Cross-slab, Church Island, Co. Kerry
Co. Kerry |
Crosses & Monuments
A carved stone slab that never quite became what it was meant to be sits among the early Christian remains on Church Island, in Lough Currane, Co. Kerry.
What makes it quietly arresting is precisely its incompleteness: the design was apparently abandoned partway through, leaving a cross-form that exists more as intention than execution, caught somewhere between raw material and finished monument.

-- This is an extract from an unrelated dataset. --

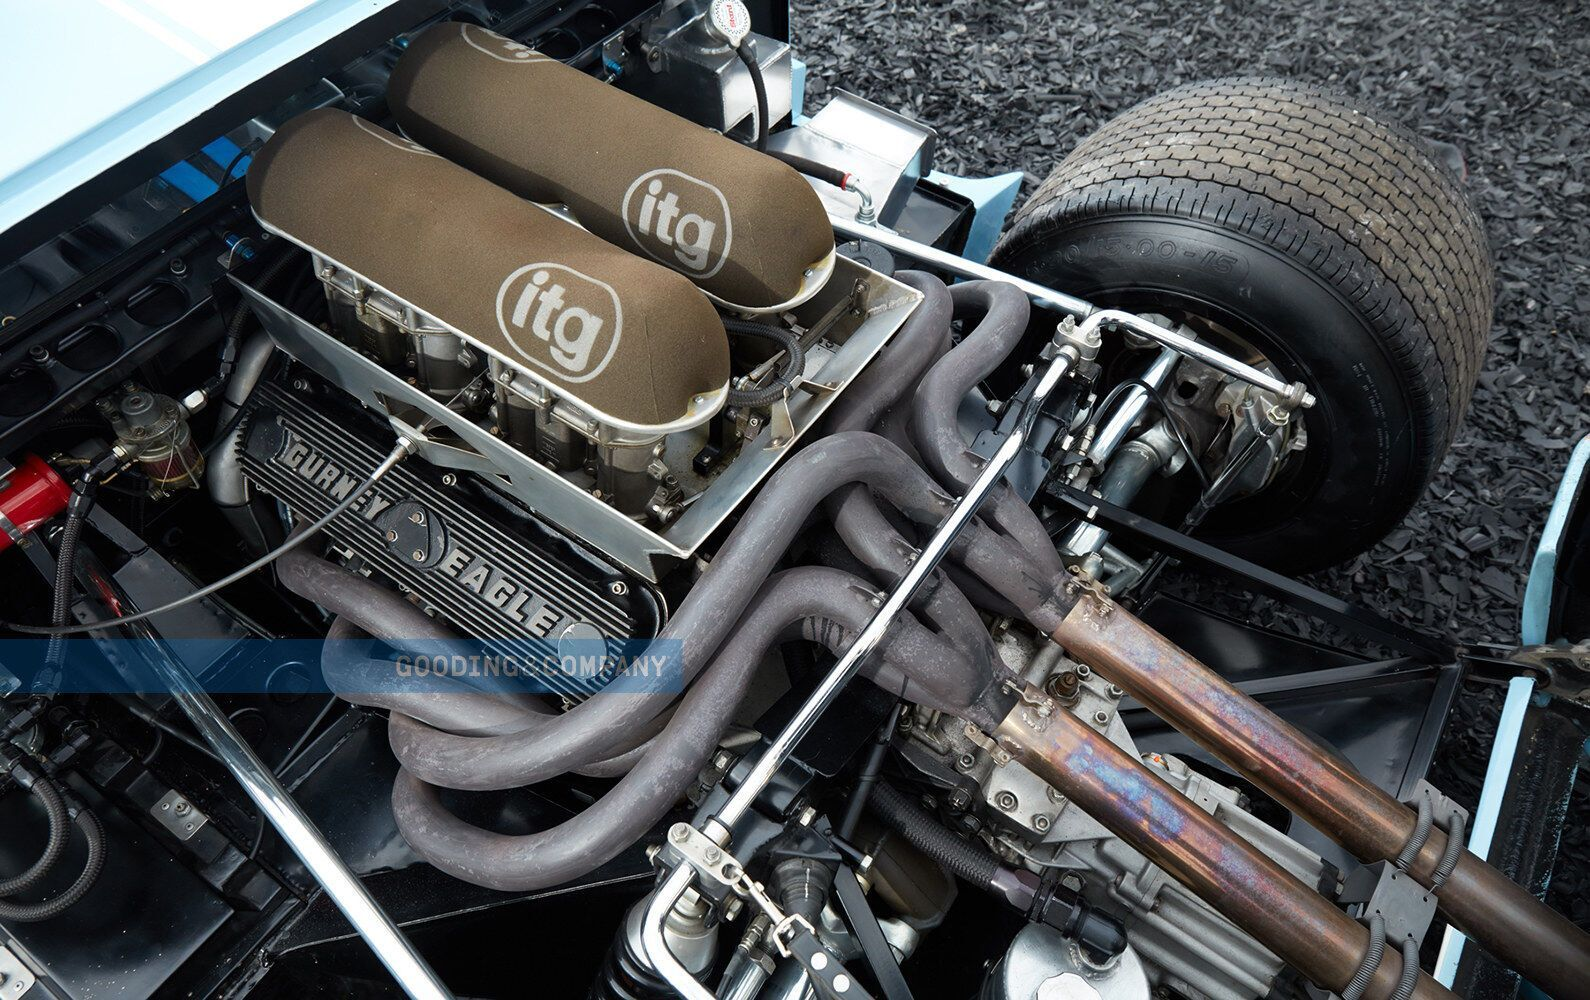 Спорткар оснащен двигателем V8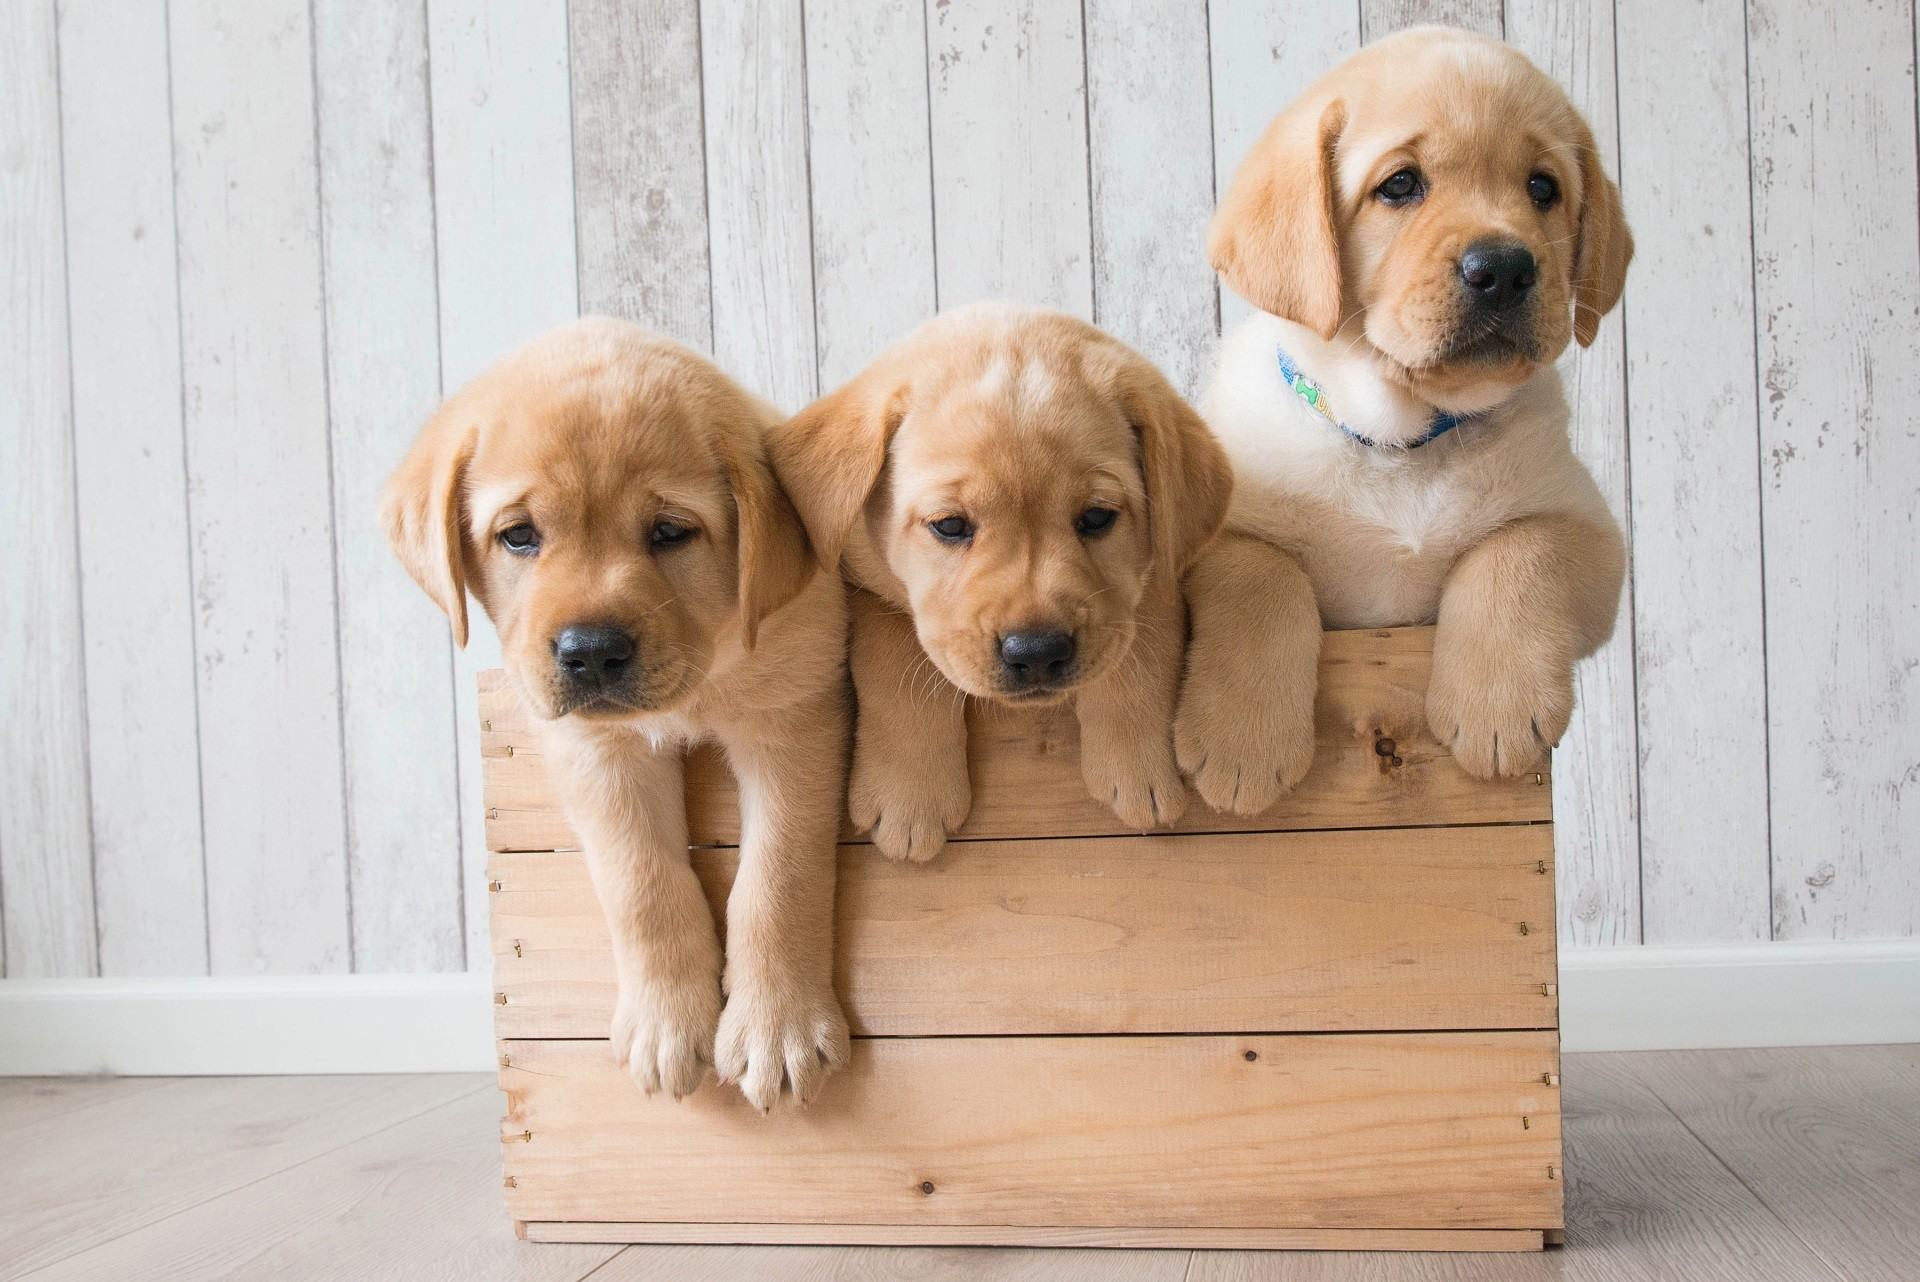 Cute Puppies Wallpaper 1080p Cute Puppies Wallpaper Hd 55 Images

The slab is rough slate, about 97 centimetres tall, with a straight top and a roughly pointed base. Whoever worked it cut two horizontal grooves, the upper one gently curving, joined to a central vertical groove, with pairs of opposed notches cut into the edges of the slab at either side. The overall effect is a cross-shape achieved through incision and notching rather than carving in relief, a technique seen on a number of early medieval Irish cross-slabs, where the symbol is suggested by the negative space of the cuts rather than built up from the stone. The design, though, seems to stop before completion, the grooves falling short of what the full scheme would presumably have been. What is particularly telling about this slab's history is where it ended up: at some point it was repurposed entirely, laid flat and used as a covering stone over the drain of a circular stone house on the island. A devotional object, or at least a stone in the process of becoming one, recycled as infrastructure.